- Things cost money. Things like that cool pair of prescription glasses you intentionally busted when you got upset in Kindergarten on Wednesday.
- You have no money. You're five, after all. Sure, by your age I was selling off my M.U.S.C.L.E. Men action figures at ".25 cents apiece or 3 for $1.00," but I've largely sheltered you from such questionable business practices in hopes that you would shun the business world entirely, become a commercial pilot, and provide a lifetime of flight benefits to your mother and me**.
- You are responsible for a new pair of glasses. We've discussed this before (check off another classic parent line that has now escaped my lips).
- Again, things cost money. Things like Flower, your giant stuffed elephant that you received from Mamie at Christmas (thank goodness Grandma Linda isn't following this blog right now or ever).
- When you don't have money, you can sell goods or services to make money. There's currently no market for tantrum throwers, tub splashers, or cat terrorists. This means you will sell Flower the stuffed elephant in order to pay for a new pair of glasses.
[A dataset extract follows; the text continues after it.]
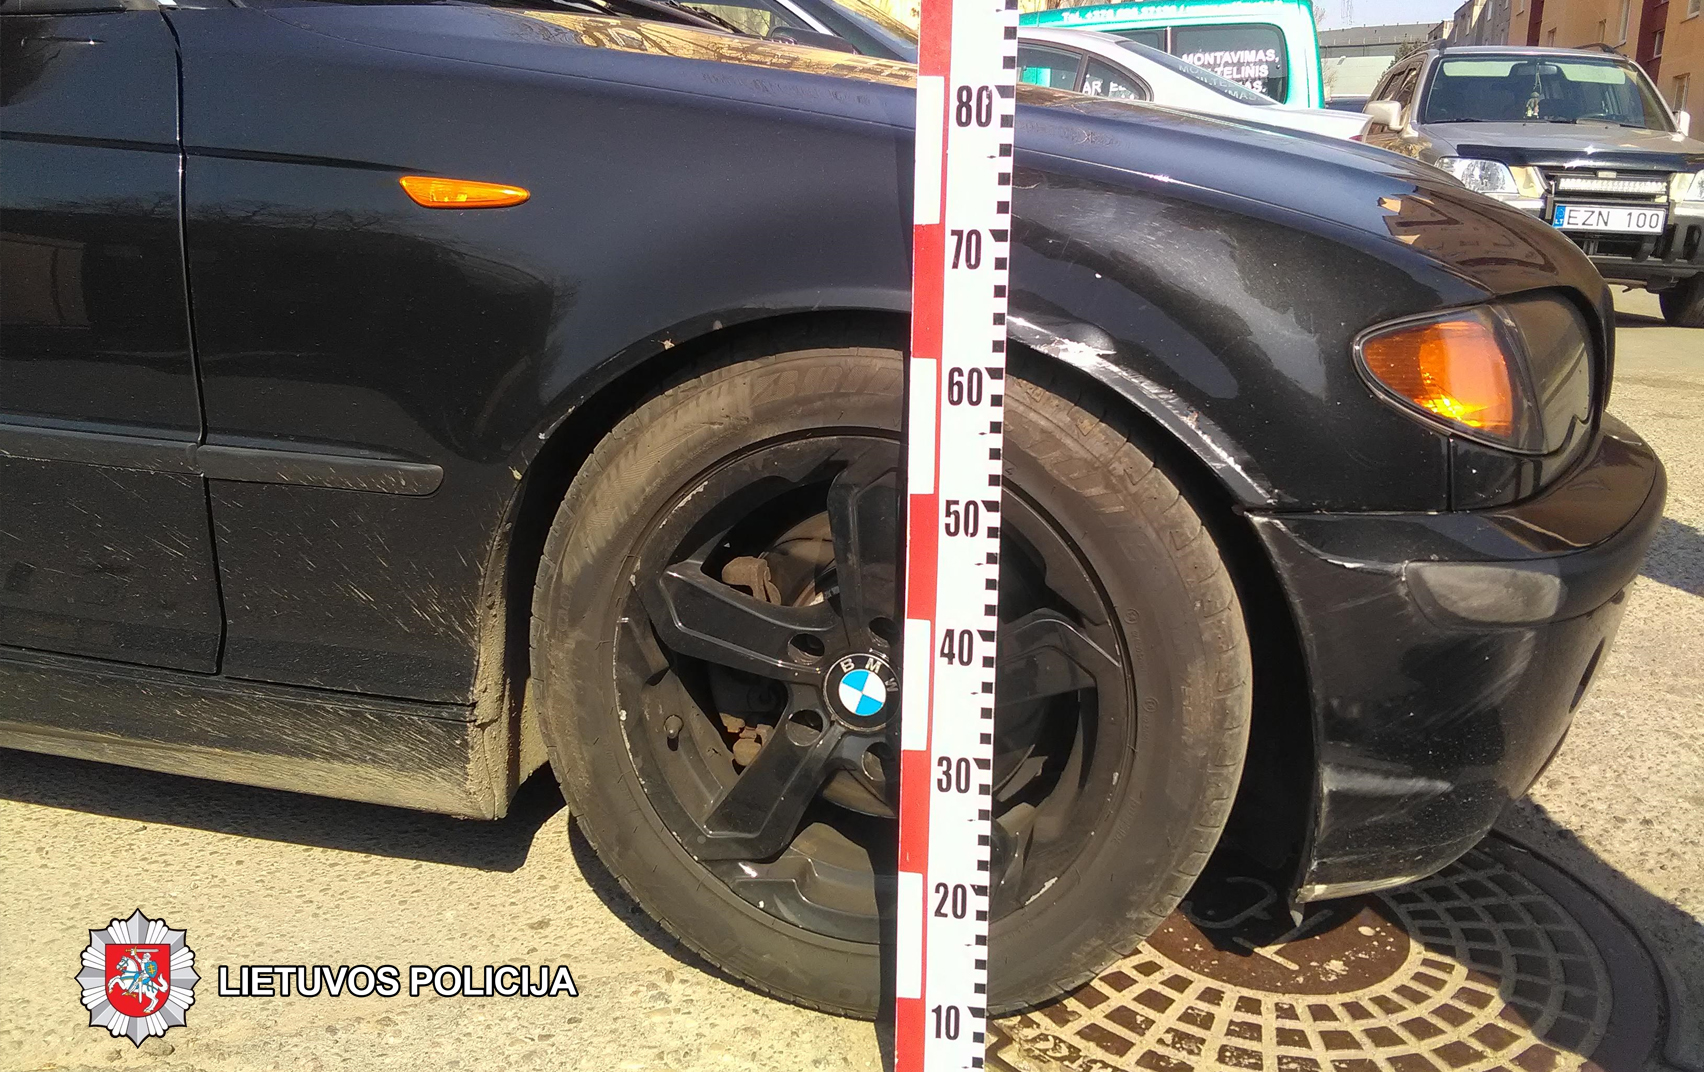 2018-04-14 Panevėžyje, Kosmonautų g., apgadintas stovėjęs automobilis BMW. Jį apgadinęs kito automobilio vairuotojas iš eismo įvykio vietos pasitraukė.

- Banks buys stuffed animals.
"I'll come back for you Flower!" was the last thing the elephant must have heard, quickly followed by the icy clang of the heavy metal gate.
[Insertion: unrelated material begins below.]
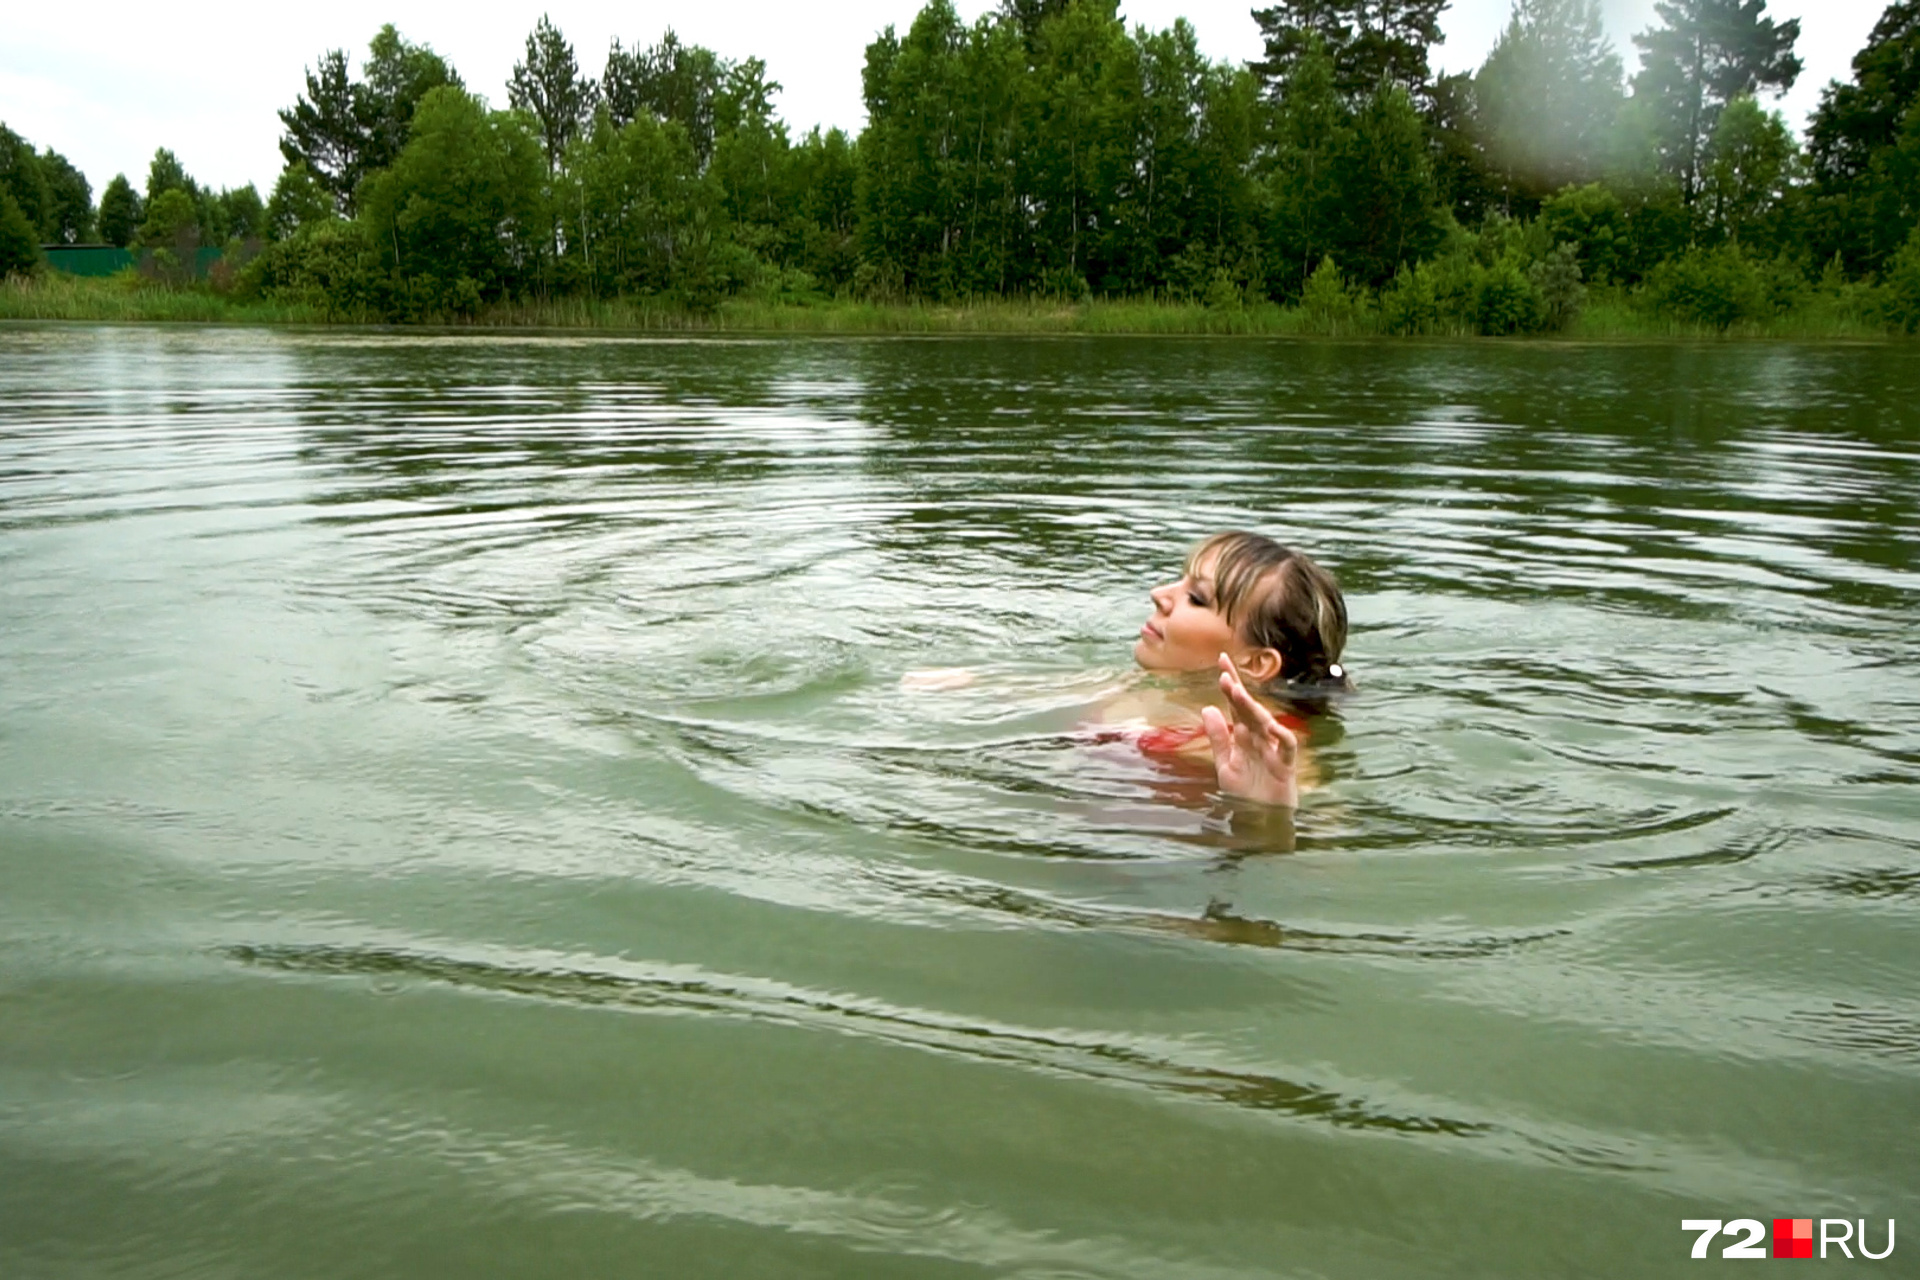 Само купание. Купаться в озере. Купание в реке. Девушки купаются в озере. Люди купаются в озере.

*Learning would, of course, imply that the entire marketplace concept was internalized. I'll hope that the lesson was learned, but am positive at least one thing was internalized: the free cookie at the bank.
**Given the VERY strong prescription Noah is touting currently, I might want to reconsider the pilot career and redirect his life goals towards the medical profession in France (complete with vacation home in the South) or perhaps professional refereeing.